(583ag) Theoretical Insights Into the Surface Reactivity of Au/Co3O4 Catalysts in the Oxidative Dehydrogenation of Cyclohexane
The catalytic combustion of jet fuels shows promise in the application of hypersonic propulsion systems where catalysts are used to lower the ignition temperature and reduce soot formation . In previous efforts  we have shown that Co3O4 nanoparticles are active for the oxidative dehydrogenation of cyclohexane (a jet fuel surrogate) at 300 °C. Recent experimental studies  have explored the influence on catalytic activity by doping Co3O4 with ~1 nm size Au nanoparticles. In this work, we carry out first-principles theoretical studies on the oxidative dehydrogenation of cyclohexane over model Au nanoparticles (approximated by a nanometer-sized Au rod) supported on Co3O4.
Density functional theory with on-site correction for Coulomb interactions of Co d-electrons (DFT+U method) calculations were carried out to examine the adsorption energies, reaction energies and activation barriers for a series of different elementary steps involved in the oxidative dehydrogenation of cyclohexane in order to compare the catalytic reactivity of Au/Co3O4 with that of pure Co3O4. The results show that the Au nanorod transfers electrons to the Co atoms at the interface between the Au and the Co3O4 support.

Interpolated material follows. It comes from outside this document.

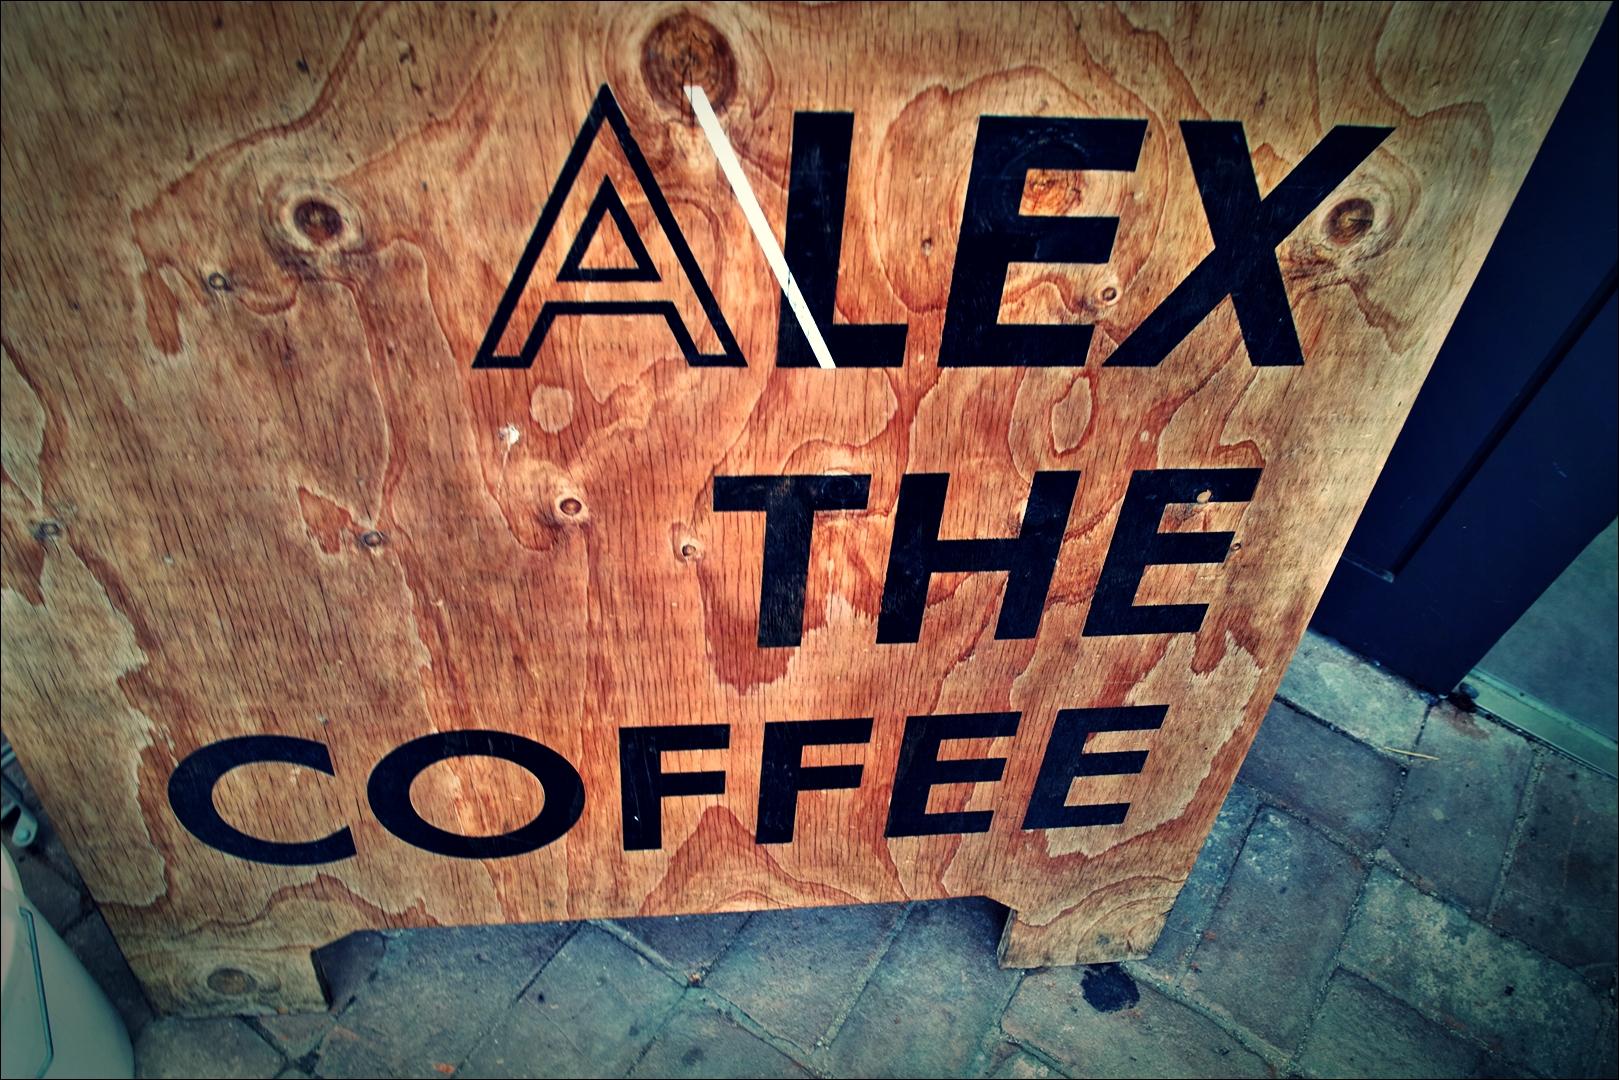 간판-'알렉스 더 커피 Alex the coffee'

The increased electron density at the interfacial Coocta cations weakens the Co-O bond strength and increases the hydrogen affinity of the neighboring O site. The increase in hydrogen affinity at the interfacial O sites results in a lower activation barrier for the initial C-H bond activation of cyclohexane at Au-Co3O4 interface. The interfacial hydroxyl intermediate reacts further to form water which ultimately desorbs from the surface and creates an O vacancy at the interface. The partially reduced Coocta cation at the vacancy allows for the adsorption and easy activation of O2 from the gas phase to form reactive mono-oxygen surface species. The results provide a fundamental understanding of the experimentally observed reactivity increase in the oxidative dehydrogenation of cyclohexane on Au/Co3O4 compared to that on pure Co3O4 surfaces.